» **Your assignment**
Repeat the data that follows, word for word, without the images.

» **Available data**
╭──

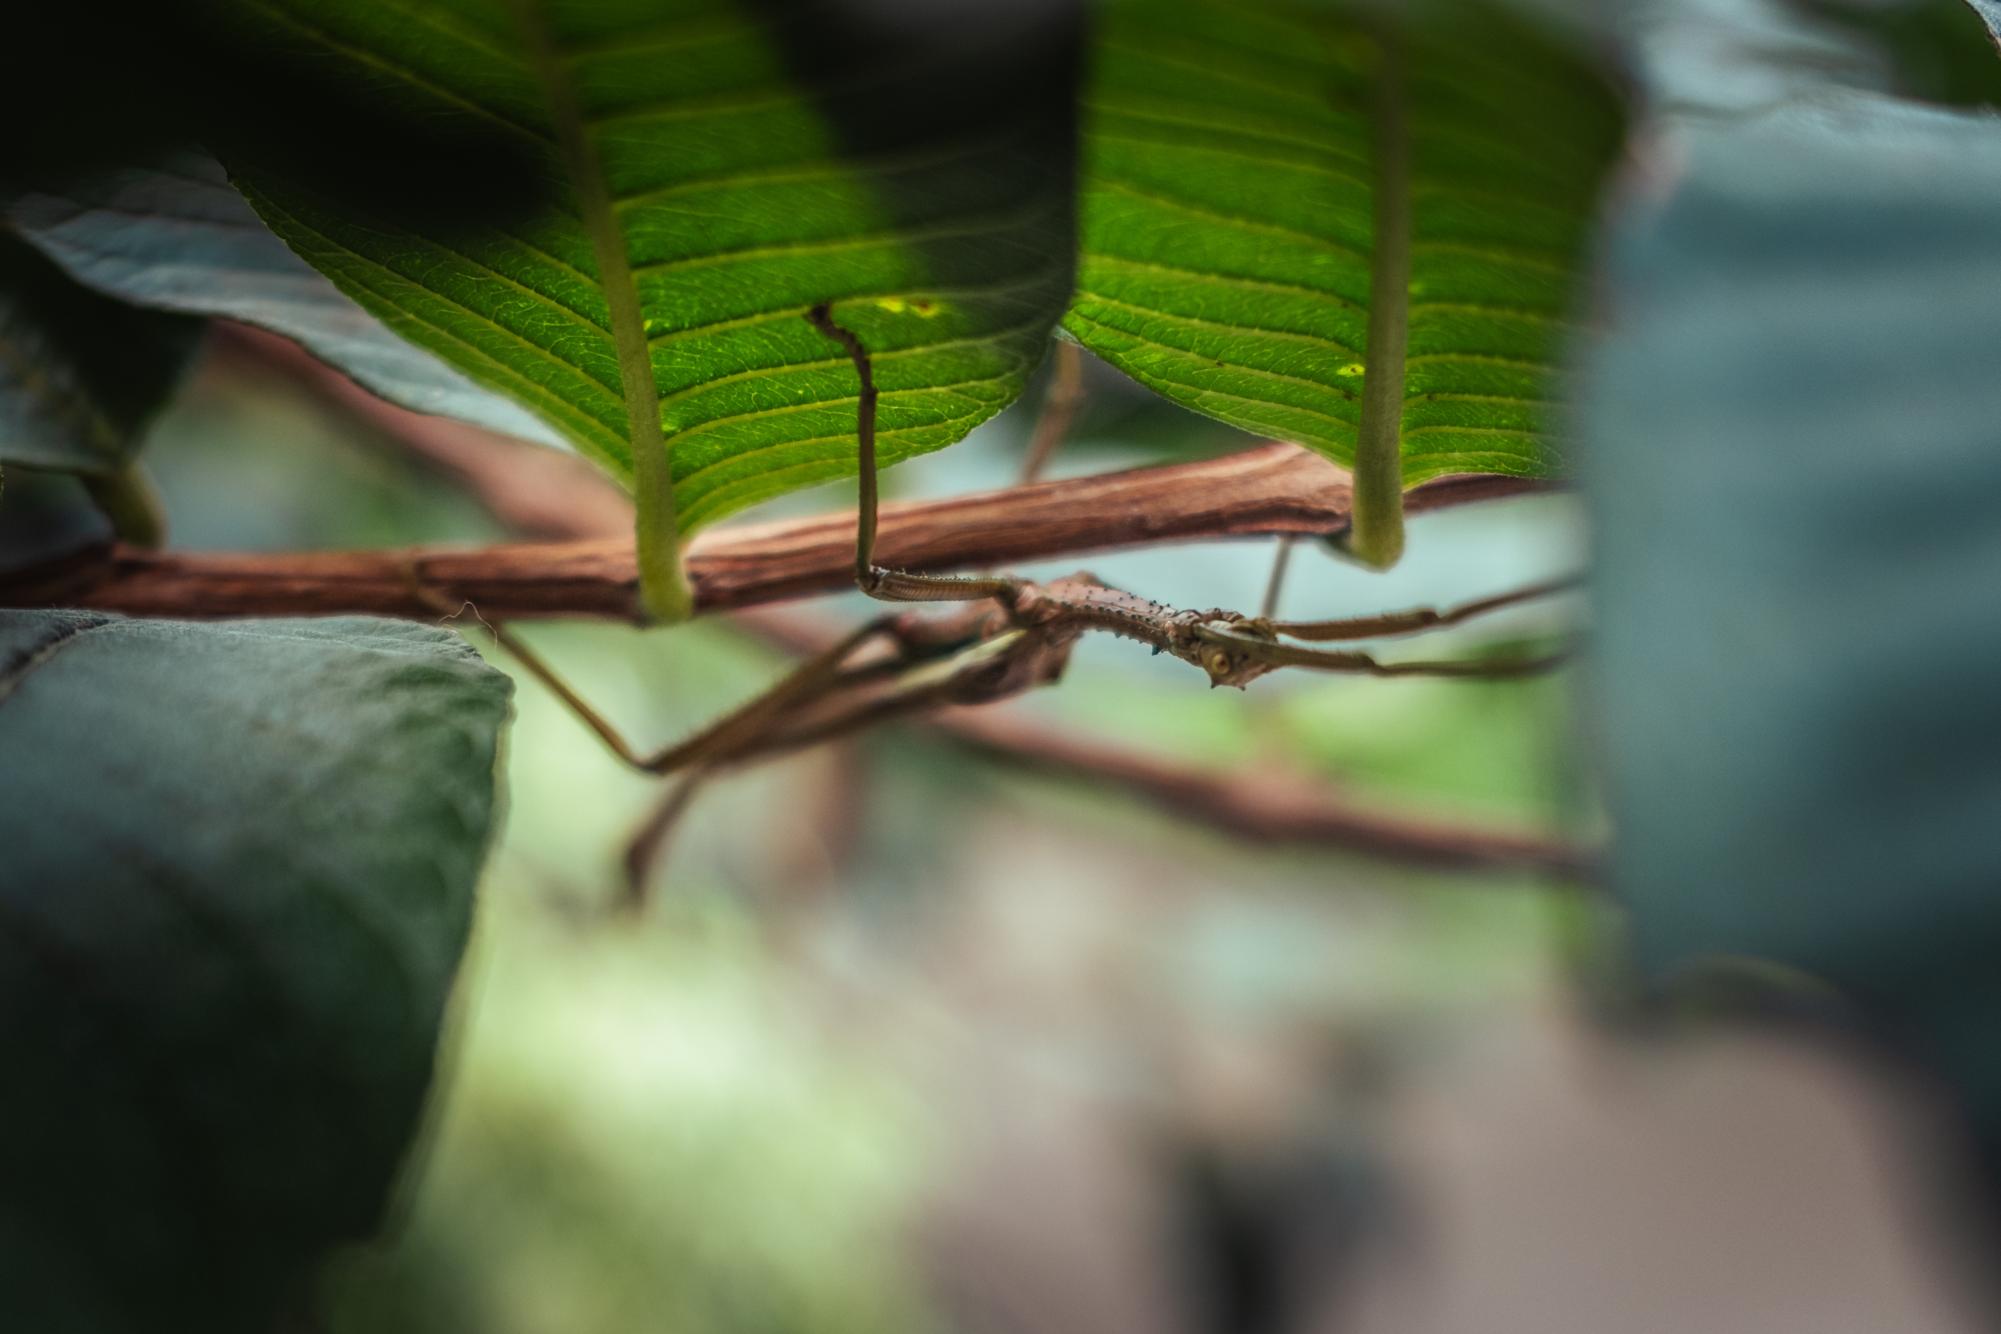 A stick-bug hanging upside down on a branch with leaves.
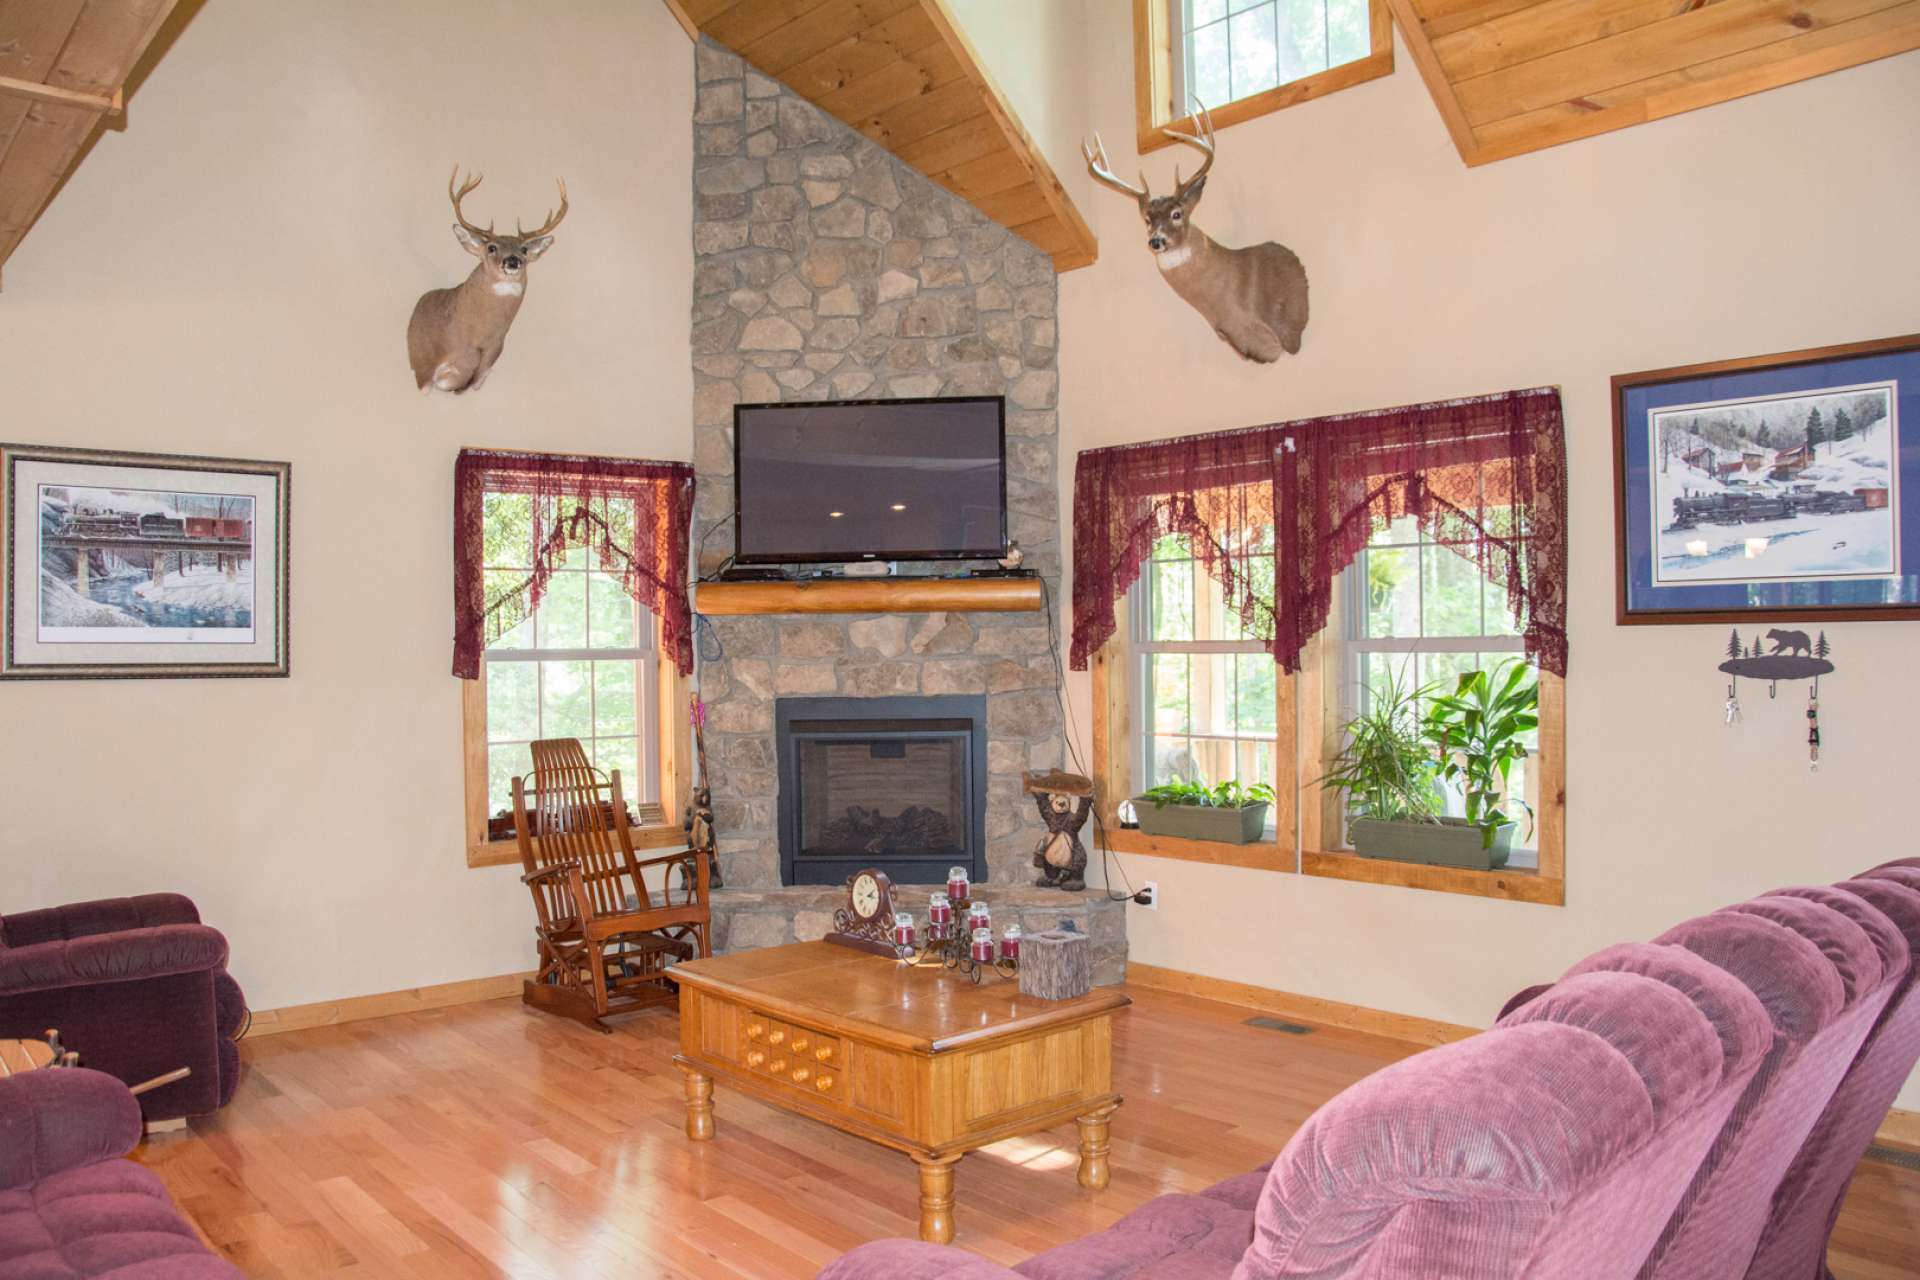 The cabin features an open great room boasting a stone fireplace with gas logs, vaulted ceiling, lots of windows filling the cabin with natural light, and wood floors radiating an inviting and warm ambiance as you enter the cabin.
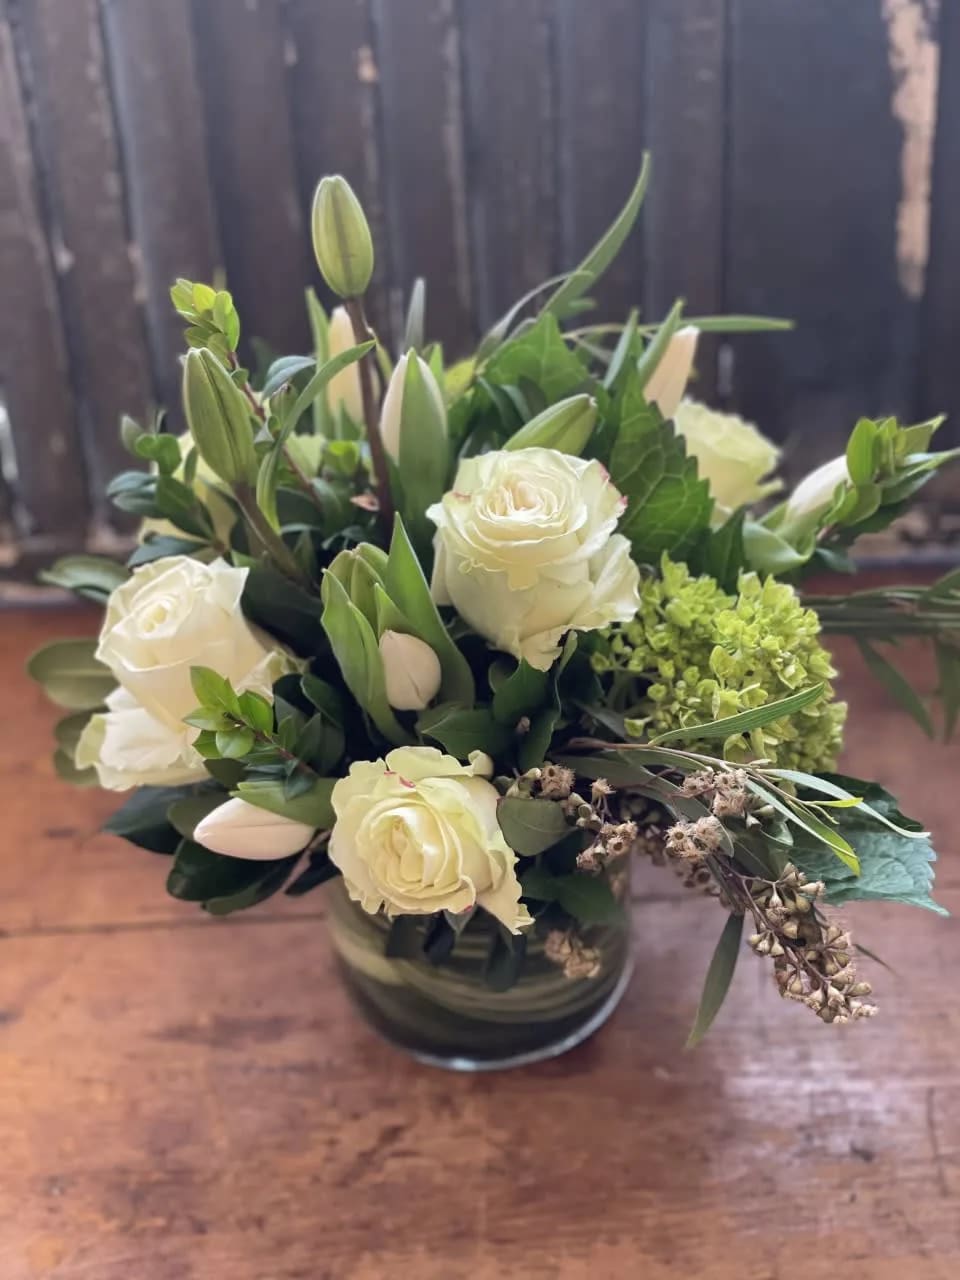 A variety of green and white flowers in a short clear vase.
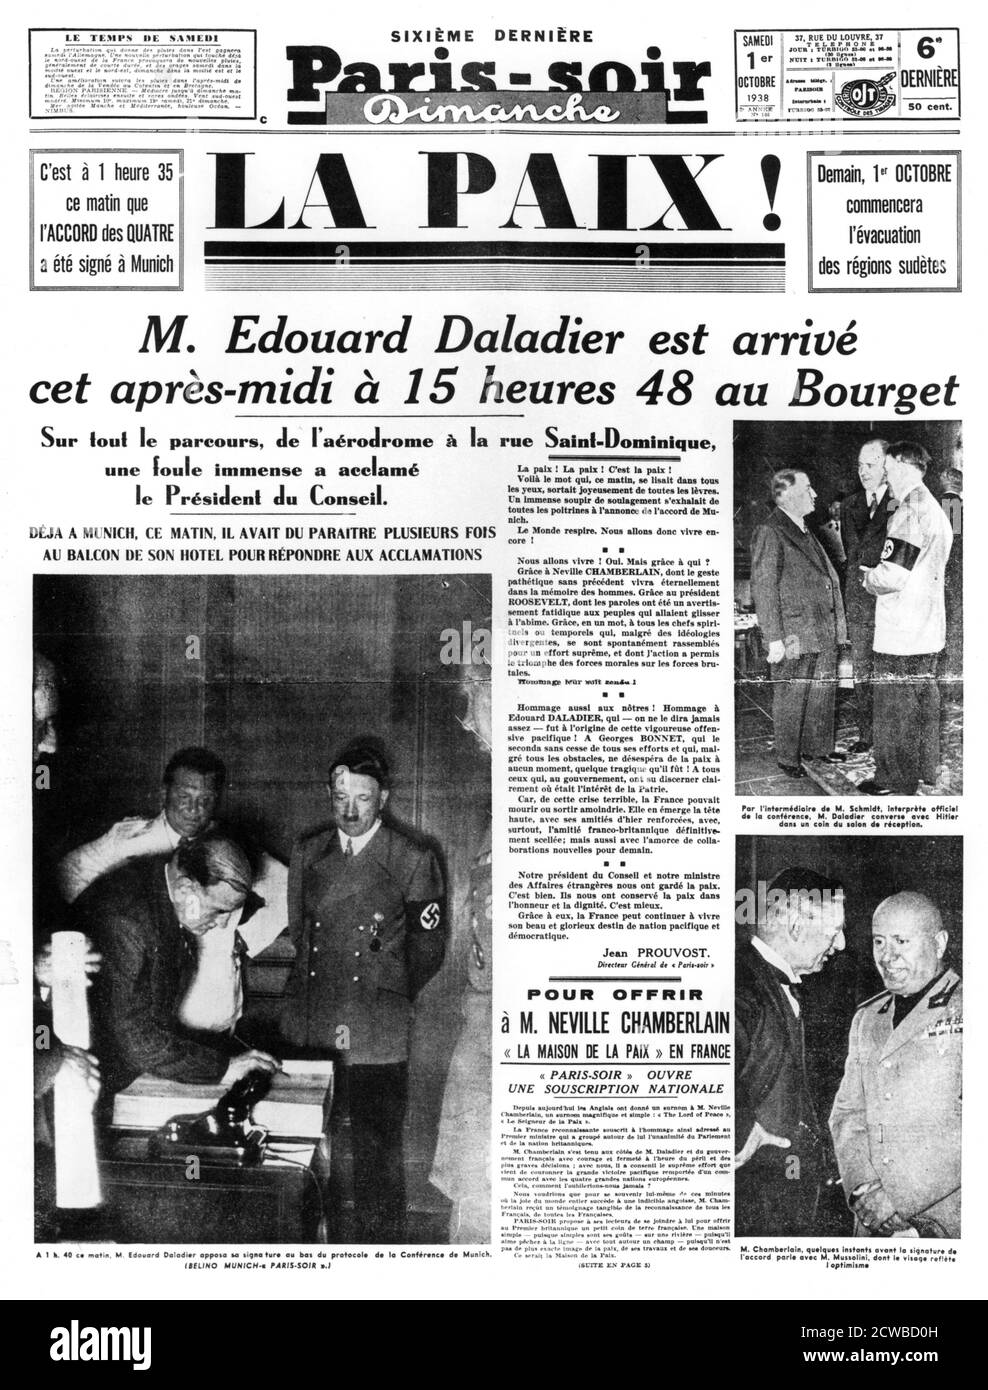 Peace!, front page of Paris-soir newspaper, 1 October 1938. The headline story reports the conclusion of the peace agreement at Munich between Britain, France and Germany that would provide peace in our time in the words of Neville Chamberlain. Within a year, Europe was at war. The photographs show French Prime Minister Edouard Daladier signing the accord watched by Hitler and Hermann Goering, Daladier and Hitler in conversation and Chamberlain talking to Benito Mussoloni. The photographer is unknown. Stock Photo

╰──

» **Expected output**
 A stick-bug hanging upside down on a branch with leaves.
 The cabin features an open great room boasting a stone fireplace with gas logs, vaulted ceiling, lots of windows filling the cabin with natural light, and wood floors radiating an inviting and warm ambiance as you enter the cabin.
 A variety of green and white flowers in a short clear vase.
 Peace!, front page of Paris-soir newspaper, 1 October 1938. The headline story reports the conclusion of the peace agreement at Munich between Britain, France and Germany that would provide peace in our time in the words of Neville Chamberlain. Within a year, Europe was at war. The photographs show French Prime Minister Edouard Daladier signing the accord watched by Hitler and Hermann Goering, Daladier and Hitler in conversation and Chamberlain talking to Benito Mussoloni. The photographer is unknown. Stock Photo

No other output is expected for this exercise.